Неудивительно, что в младших классах Антон учился плохо и дважды – в 3-м и 5-м – оставался на второй год. Справедливо заметил первый биограф писателя, Ф. Мускатблит: «Когда Павел Егорович […] перебрался с семьей в Москву, сын, перешедший к тому времени в VI класс, […] вздохнул свободно и “вдруг” обнаружил такое прилежание, что помимо обычных успехов по любимым предметам […] стал получать пятерки даже по бесконечно ненавистному ему греческому языку».

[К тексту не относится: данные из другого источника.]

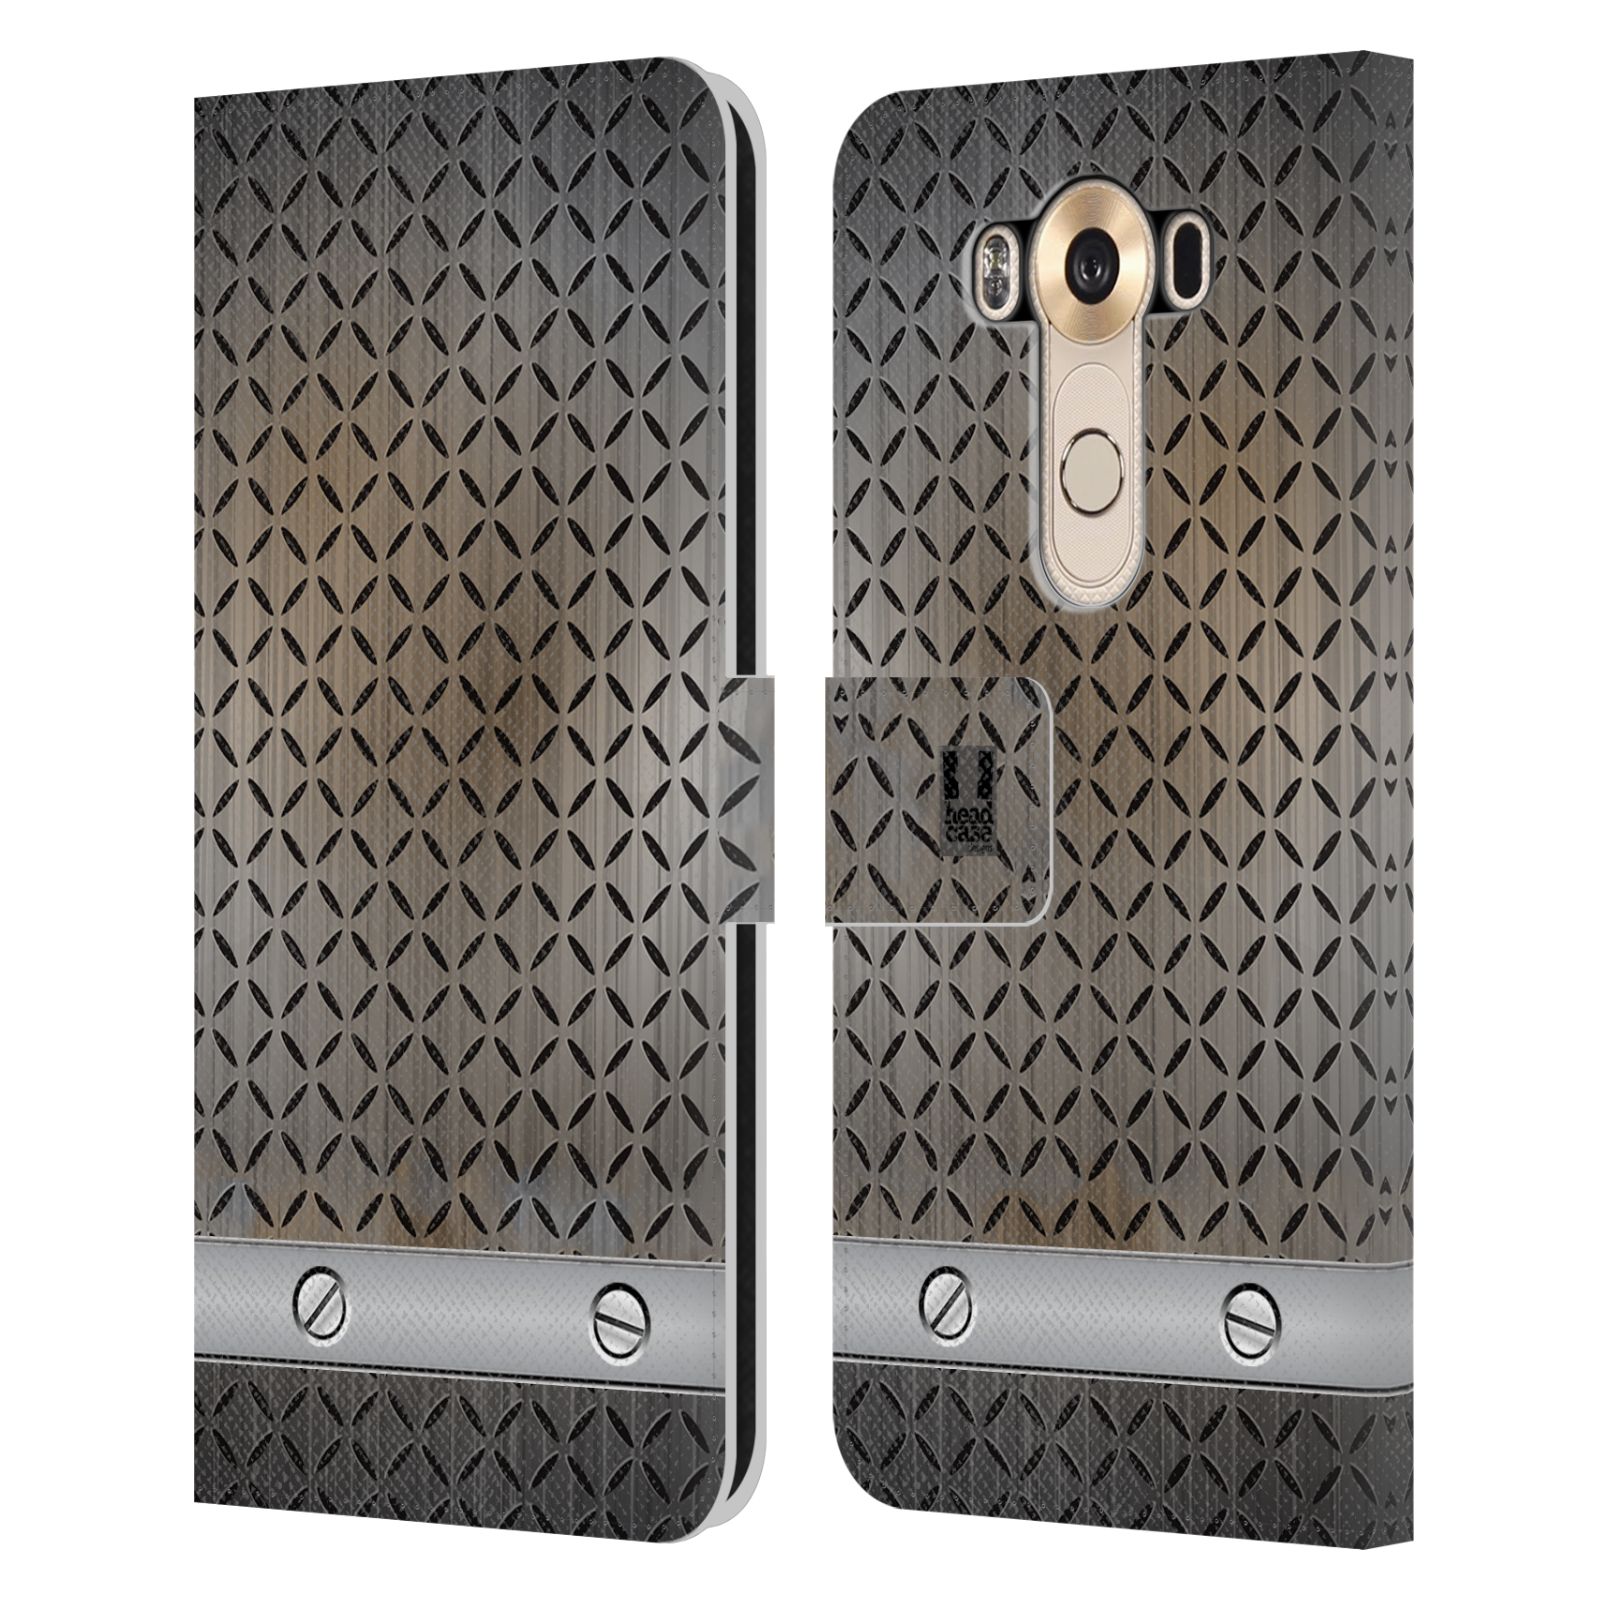 HEAD CASE Flipové pouzdro pro mobil LG V10 stavební textury železo šedá barva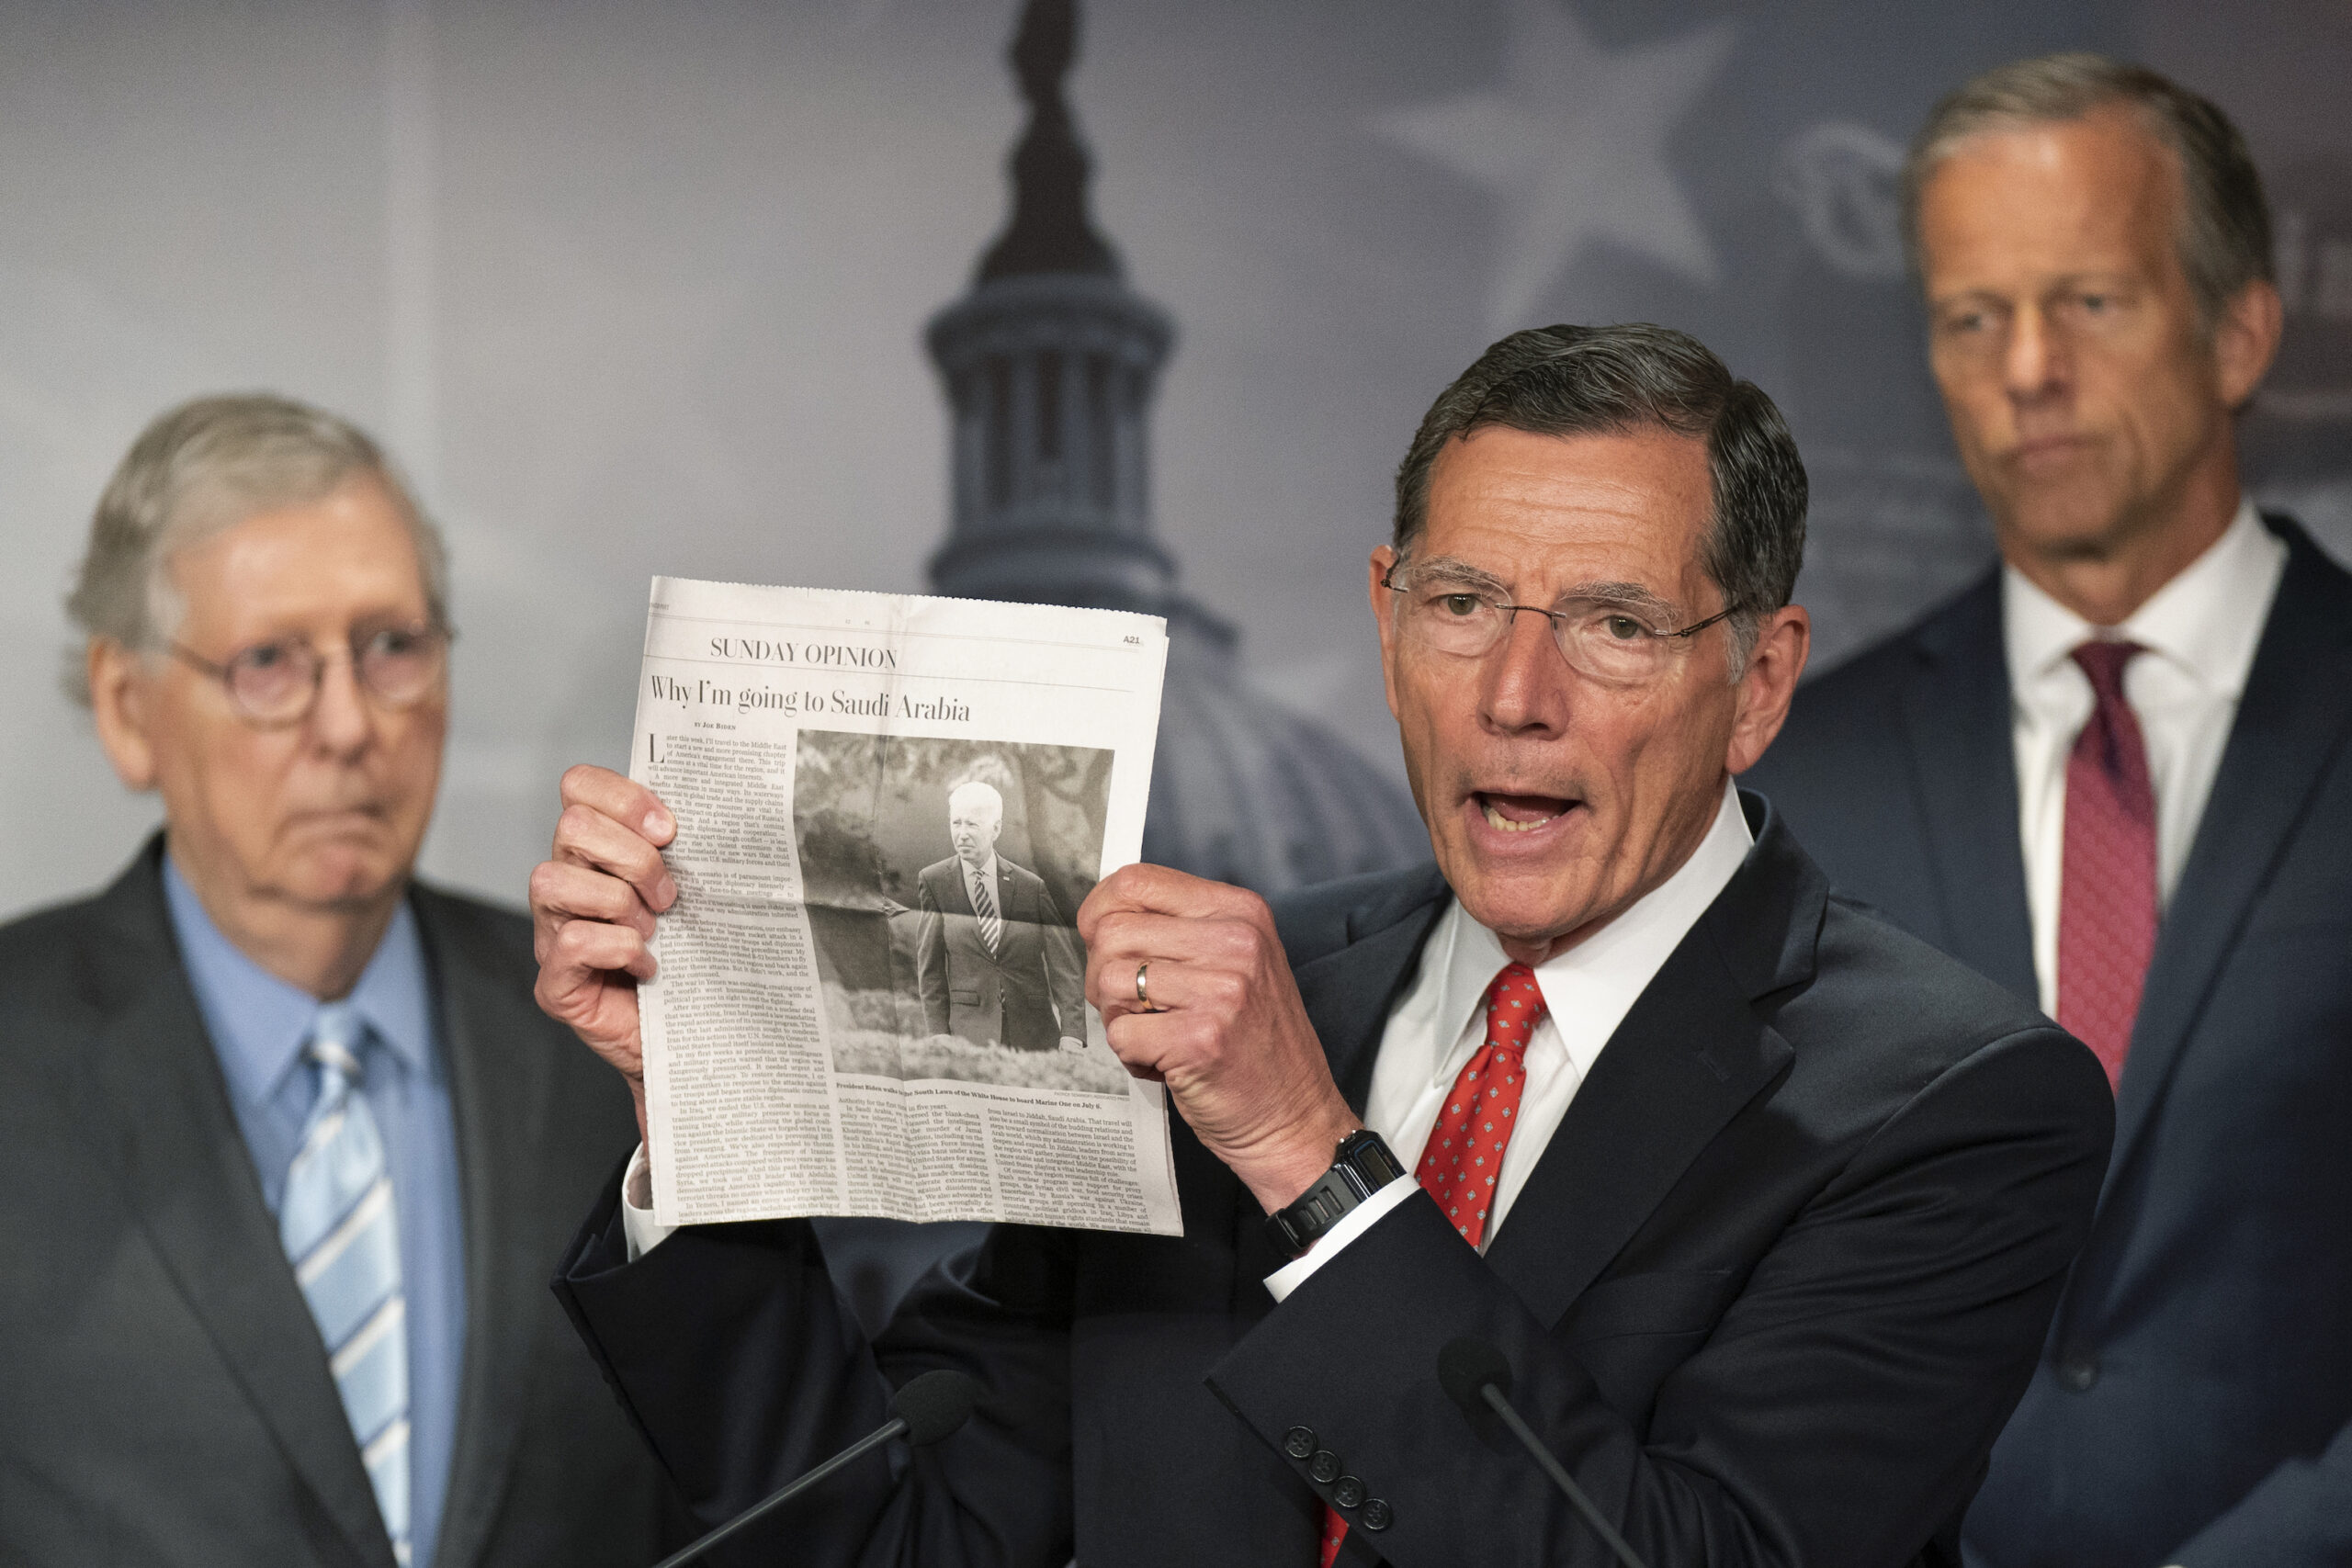 U.S. senator holding up a newspaper clip

В лавке приходилось сидеть и летом – вместо купанья и ловли бычков на пристани. На море ходили, но каждый такой поход отвоевывался. Запретов вообще было много: не бегать, не шуметь, не водиться с товарищами. Почему? Потому, что в свое время это запрещалось самому Павлу Егоровичу, – и не повредило, не помешало выйти в люди… Он не был злым человеком, но был человеком твердым. Усвоенное однажды не пересматривал. Лавка должна открываться в пять утра. Нет покупателей – не беда. Детям тяжело так рано вставать – ничего, встанут. В лавке нужен хозяйский глаз: на «мальчиков», Андрюшку и Гаврюшку, полагаться нельзя. Когда в лавке нет дела, «мальчики» должны не сидеть, а стоять в дверях лавки. Неважно, что теперь не принято зазывать покупателей – место «мальчика» в это время там. Так было, когда Павел Егорович служил у купца Кобылина, так было, когда сам Кобылин служил в «мальчиках», так будет и впредь.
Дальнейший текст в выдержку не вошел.